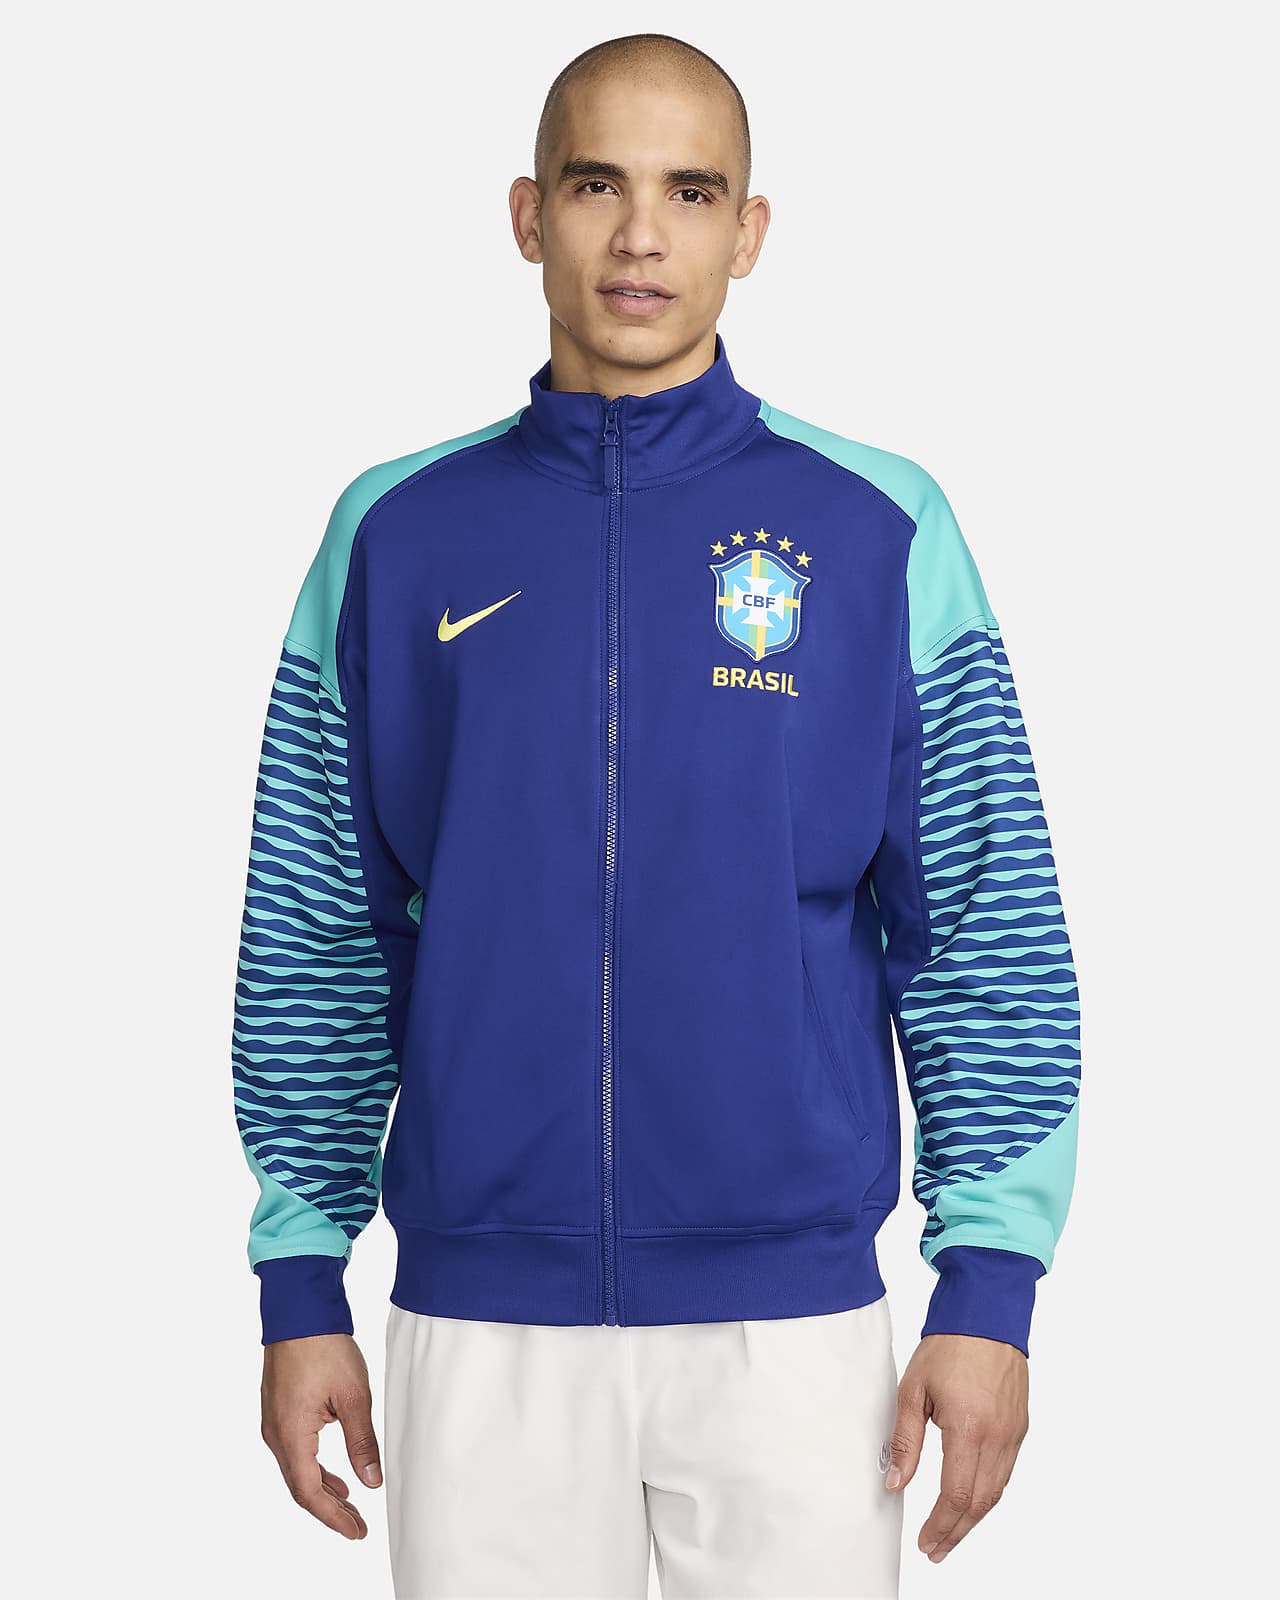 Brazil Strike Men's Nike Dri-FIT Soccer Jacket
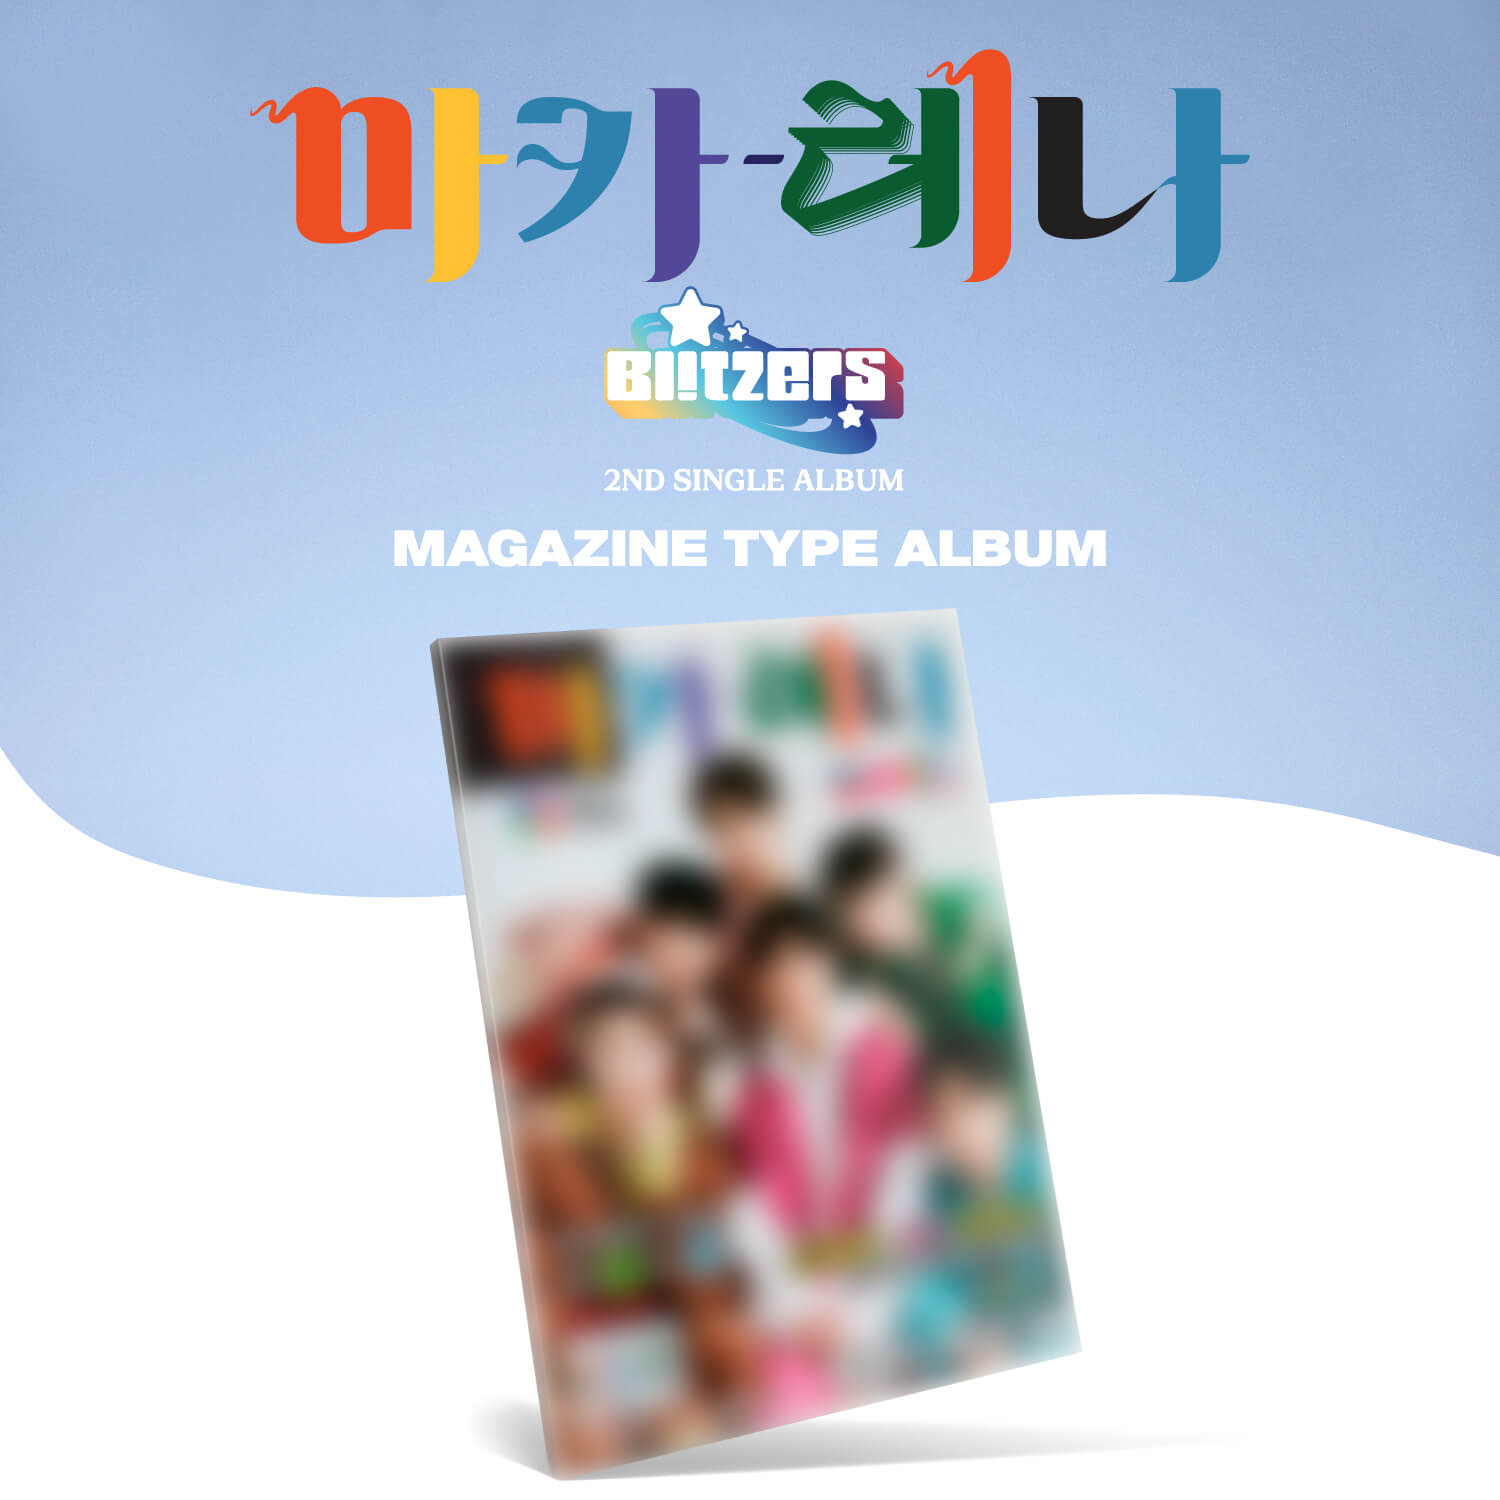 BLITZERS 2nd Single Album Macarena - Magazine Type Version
------------
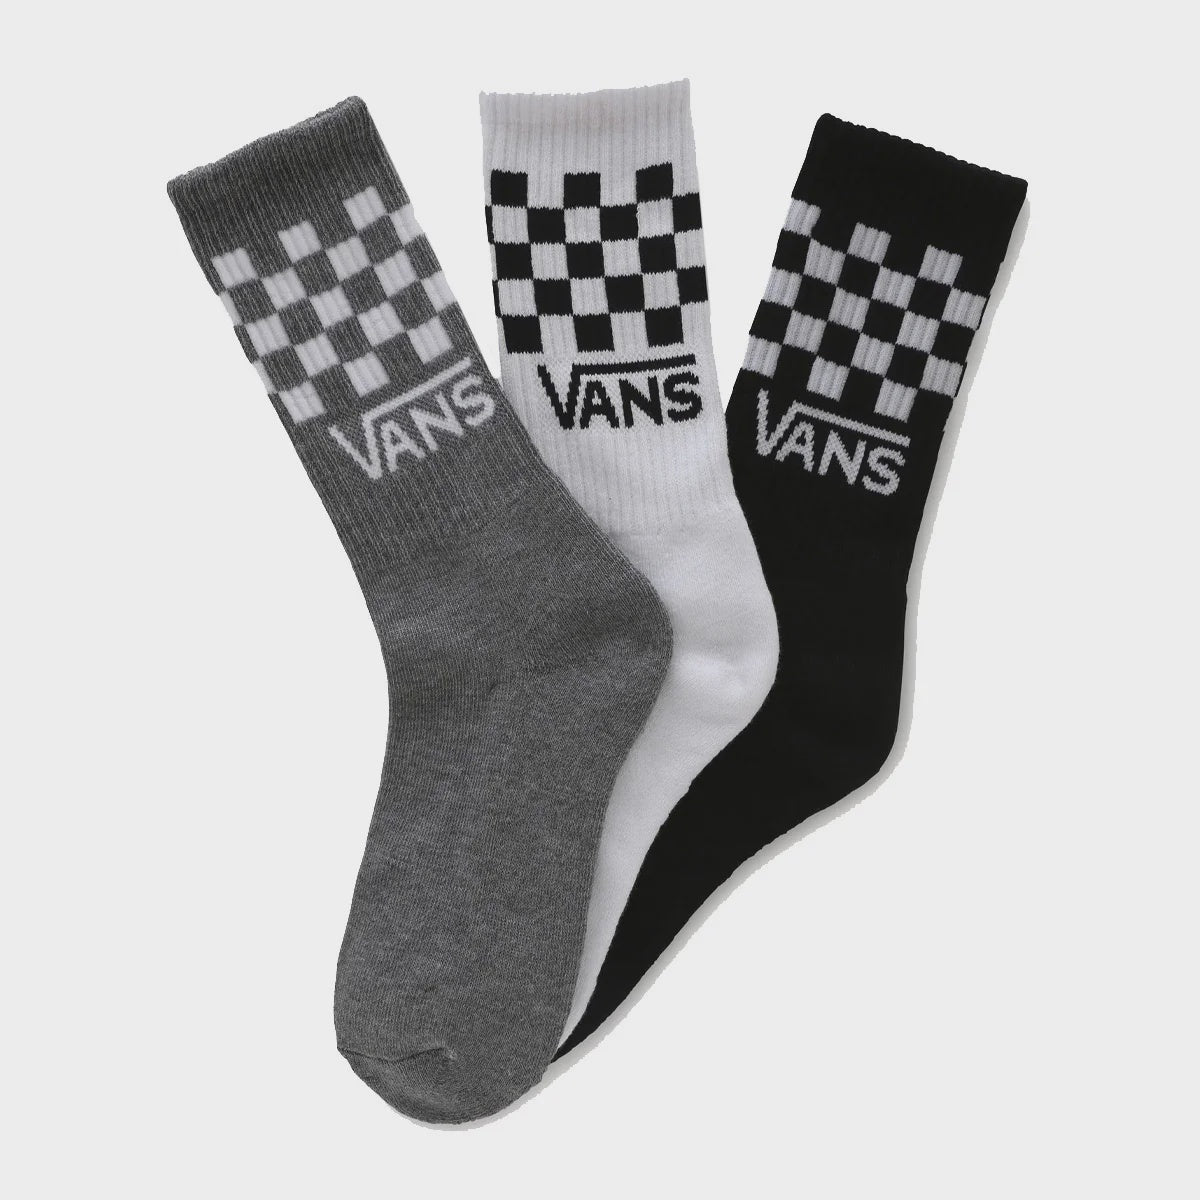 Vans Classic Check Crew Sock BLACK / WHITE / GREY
------------
→ **Task to carry out**:
Within these entries, output exactly the lines starting at the one with "Brazil Strike Men's" and finishing at the one with "BLITZERS 2nd Single". Leave pictures out of the output.

→ **Written solution**:
 Brazil Strike Men's Nike Dri-FIT Soccer Jacket
 BLITZERS 2nd Single Album Macarena - Magazine Type Version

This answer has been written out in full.